The other night I was in bed. 11:58 p.m. I was reading a novel that’s set in a desperate place in the world, and comparing my life and finding myself privileged to live in this country, to have at my disposal more luxuries than some people even dream of.
In the midst of my reverie, I heard a commotion out the window. At first I ignored it. There’s a bar across the street from my apartment so commotion is commonplace. Eventually, the shouting and screams escalated so I poked my head out the window, tentatively at first, but my curiosity winning out. Two people (maybe a couple, maybe an estranged couple) arguing, the woman screaming at the top of her lungs, the man shouting expletives in retort. Down the block, several people had gathered, curious too. I wondered if anyone had called the police and had flashbacks to the Kitty Genovese murder I studied in my college Psychology class.
Scanning the scene, however, I noticed that at the corner, there was indeed a NYPD squad car half up on the curb, and an officer, blanketed by the darkness of the scaffold, handling the situation. Or at least, trying to, because as the seconds ticked by, I realized the man wasn’t screaming at the woman anymore, he was shouting at the police, baiting him, telling the cop he didn’t care, and he could shoot him. “Shoot me, shoot me, I don’t care”, he was saying, over and over, his voice rising even higher, his tone more and more aggressive, almost as if he was issuing a dare and taunting the other person to carry it out.
The woman, on the other side of the street by this time, was screaming at the man, accusing him of being selfish, thinking only about himself. But it was hard to hear her because the man was yelling, throwing out sexually graphic and violent slurs, aiming them at the officer who was just calmly trying to diffuse the situation.
I don’t know what happened because I moved away from the window, heartbroken. Eventually the noise died down and I heard the cop car drive away with its telltale siren-less beep that told me danger had been averted. I don’t know if they arrested the man. I suppose they had to.
But what resonated with me was the way the man shouted at the police, giving permission, almost, to shoot him, as if he didn’t care about his life. And that made me sad. Sadder than anything I had been reading in my fiction set halfway across the globe in what I had considered desperate situations.
Truth is, you can feel desperate wherever you are. You can be surrounded by luxury and still feel poor, no matter where you are. You can sit on an unpaved concrete step, eating guavas like the children in the novel, and be alright, yet you can have access to every opportunity and not care whether you live or die. Why is that?

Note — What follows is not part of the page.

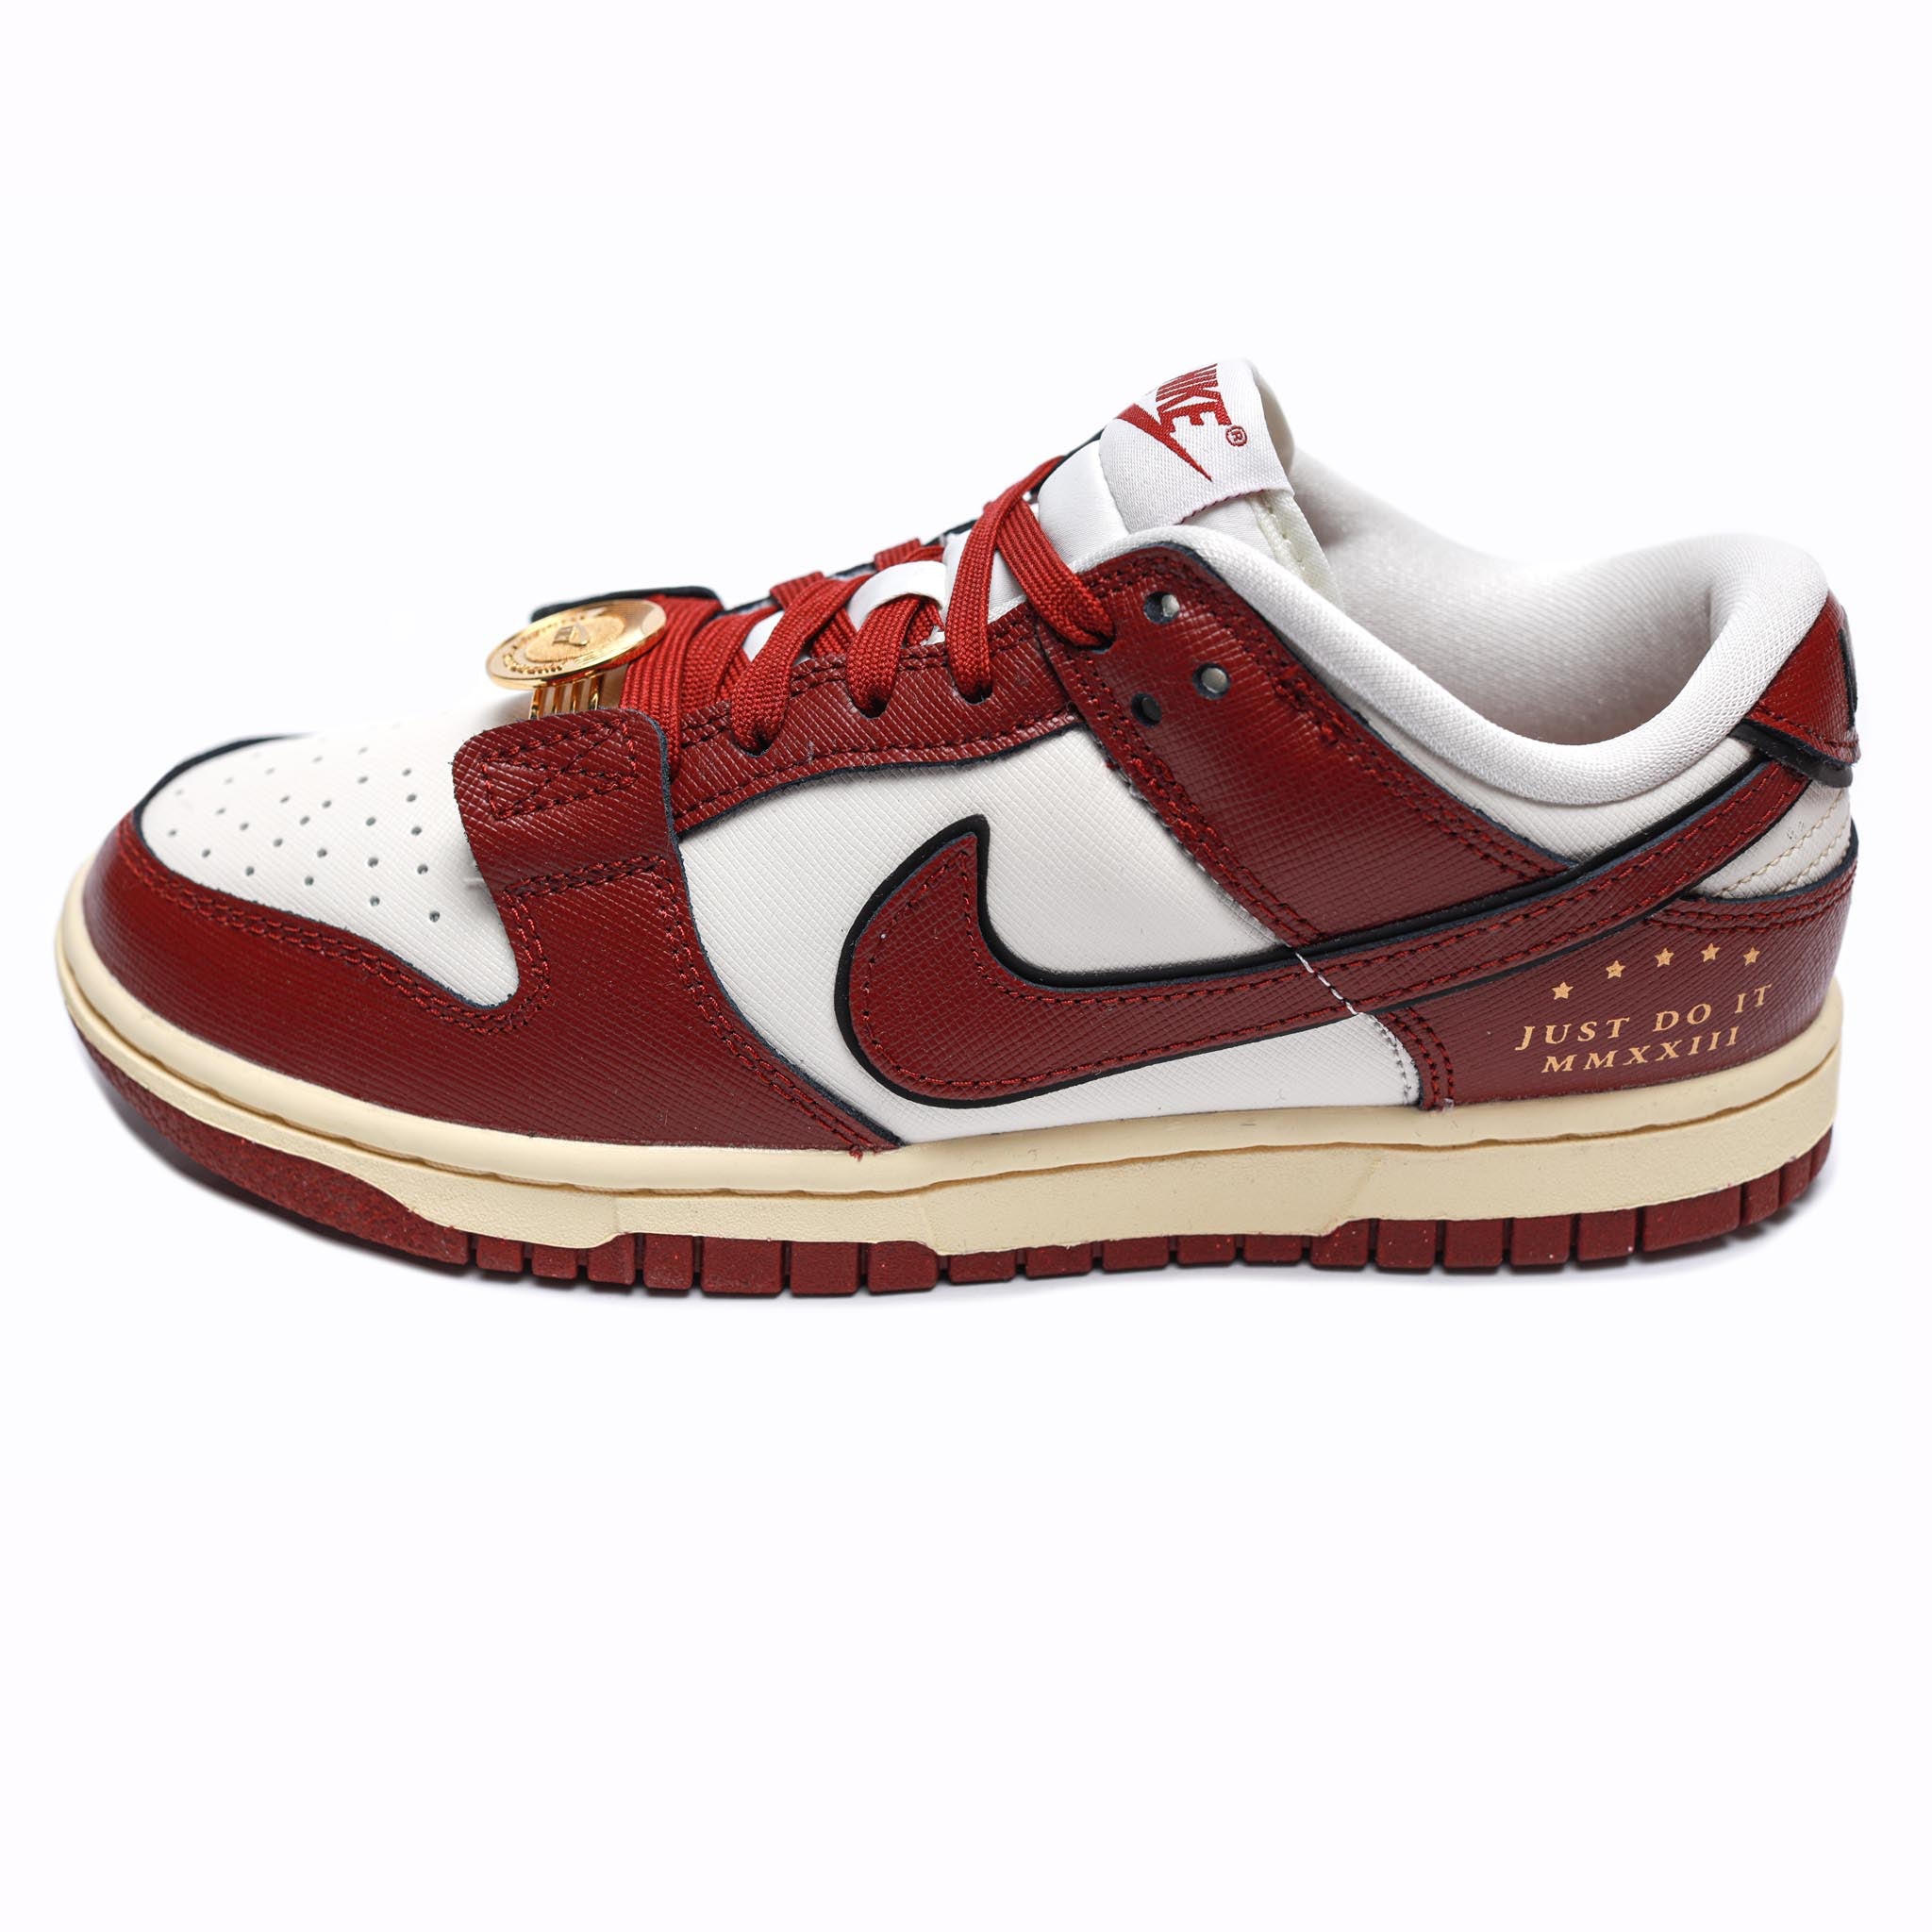 Nike Dunk Low SE Womens 'Just Do It' Sail/Team Red

Perspective matters. And perspective comes from decisions. Whether you decide to have a positive outlook on life, to respect yourself and the people around you, to honor God’s authority in your life, to find and use your talents, to serve others with love. Those are decisions that we make. The decision to love ourselves. To value our lives. To love and cherish others as we love and cherish our own selves.
A person who loves himself would never dare a person with a gun to shoot him. No matter how angry he was. No matter what injustice he felt had been done to him. No matter what. No matter how desperate he thought his situation was.
But that’s what I think.
If you see it differently, I’d like to hear it.